HAJI Abdullah Haroon, whose death anniversary falls on April 27, was by all accounts an extremely compelling personality. He was multifaceted, his role multidimensional.

A businessman, a social worker, a philanthropist, an organiser, a builder of institutions and a political leader — he was all that at once. He believed in liberal values such as initiative, enterprise, hard work and competition, besides moral uprightness. Although he had his measure of trial and tribulation over the years, he was a success in whatever he did.

Consider, in brief, what all he accomplished. In terms of his own financial standing, he traversed the path from rags to riches without ever resorting to unfair means or gimmicks. He started out as an orphaned messenger and general help boy at age 14, and by 37 he was the ‘sugar king’. A person with a deep social conscience, he used his wealth to promote worthy causes.

Worthy of note was his role in the social development sector.
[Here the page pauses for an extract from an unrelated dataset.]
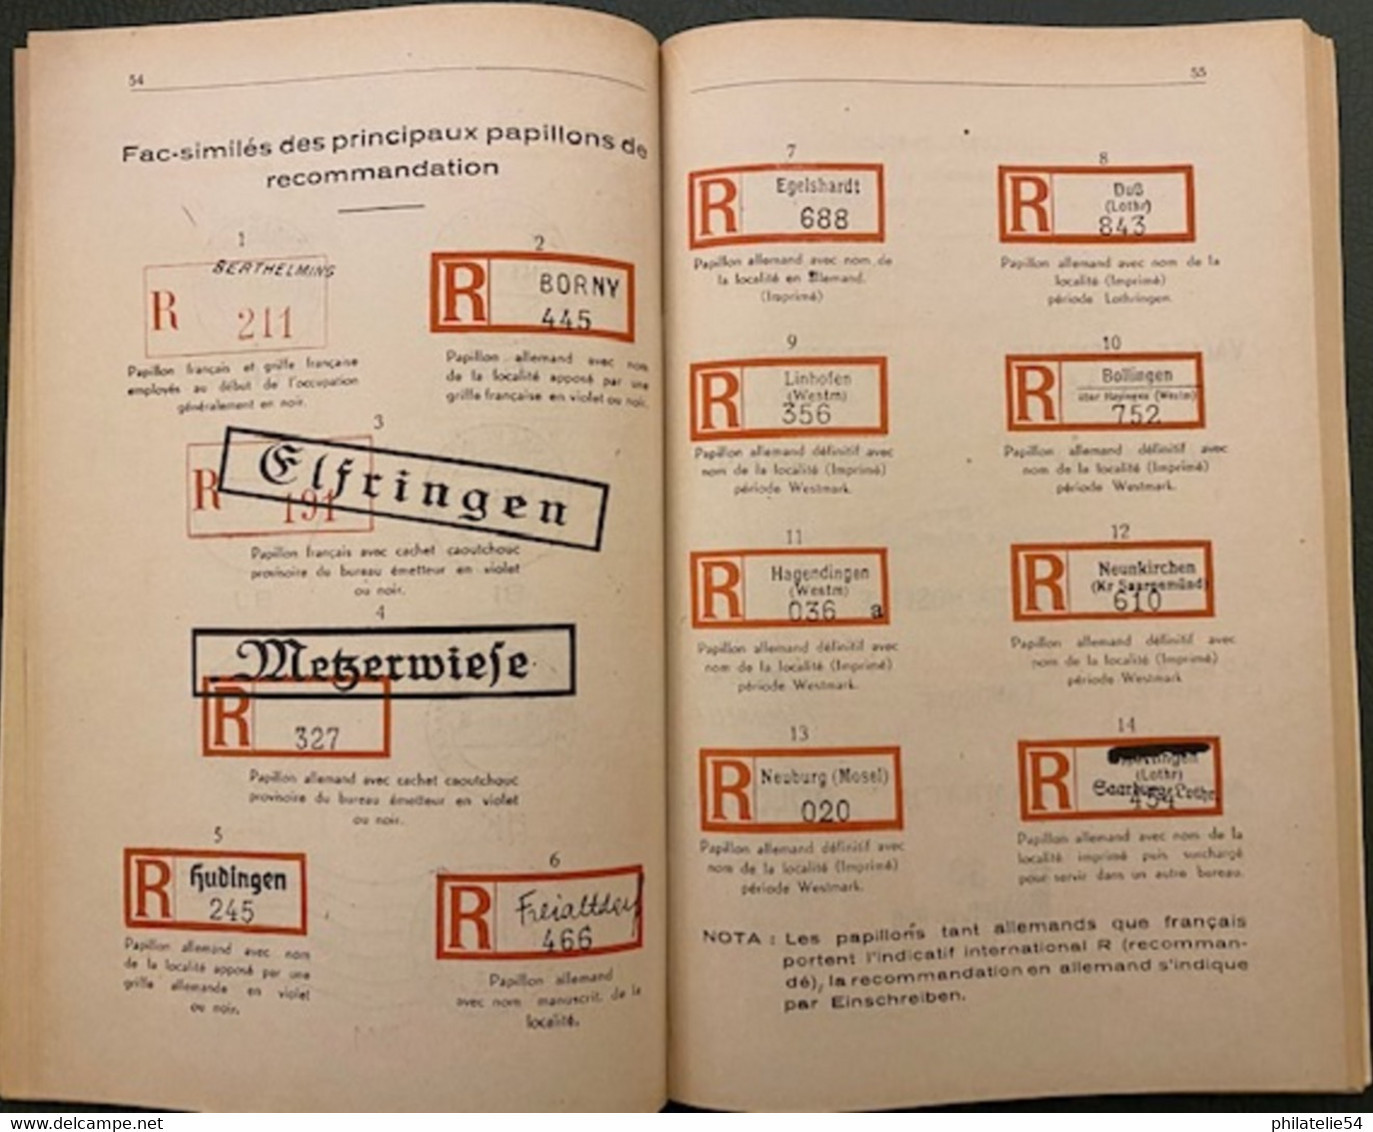 Les Cachets Postaux De L'occupation Allemande En Moselle  1940-1944 - Books On Collecting

Haji Haroon founded or helped organise a number of institutions including the Jamia Islamia Yatim Khana (1923), the Karachi Muslim Gymkhana (1927), the Hajjani Hanifabai Memon Girls School, the Sind Muslim League Employment Bureau (1939), the Wakt alal-Aulad Trust (1940), the Sukkur Relief Fund (1940) and a charitable trust (1941).

He was also actively involved, as president or as an executive committee member, with the Karachi Club, the Karachi Port Haj Committee, the Quetta Salvage Advisory Committee and the All India Memon Conference.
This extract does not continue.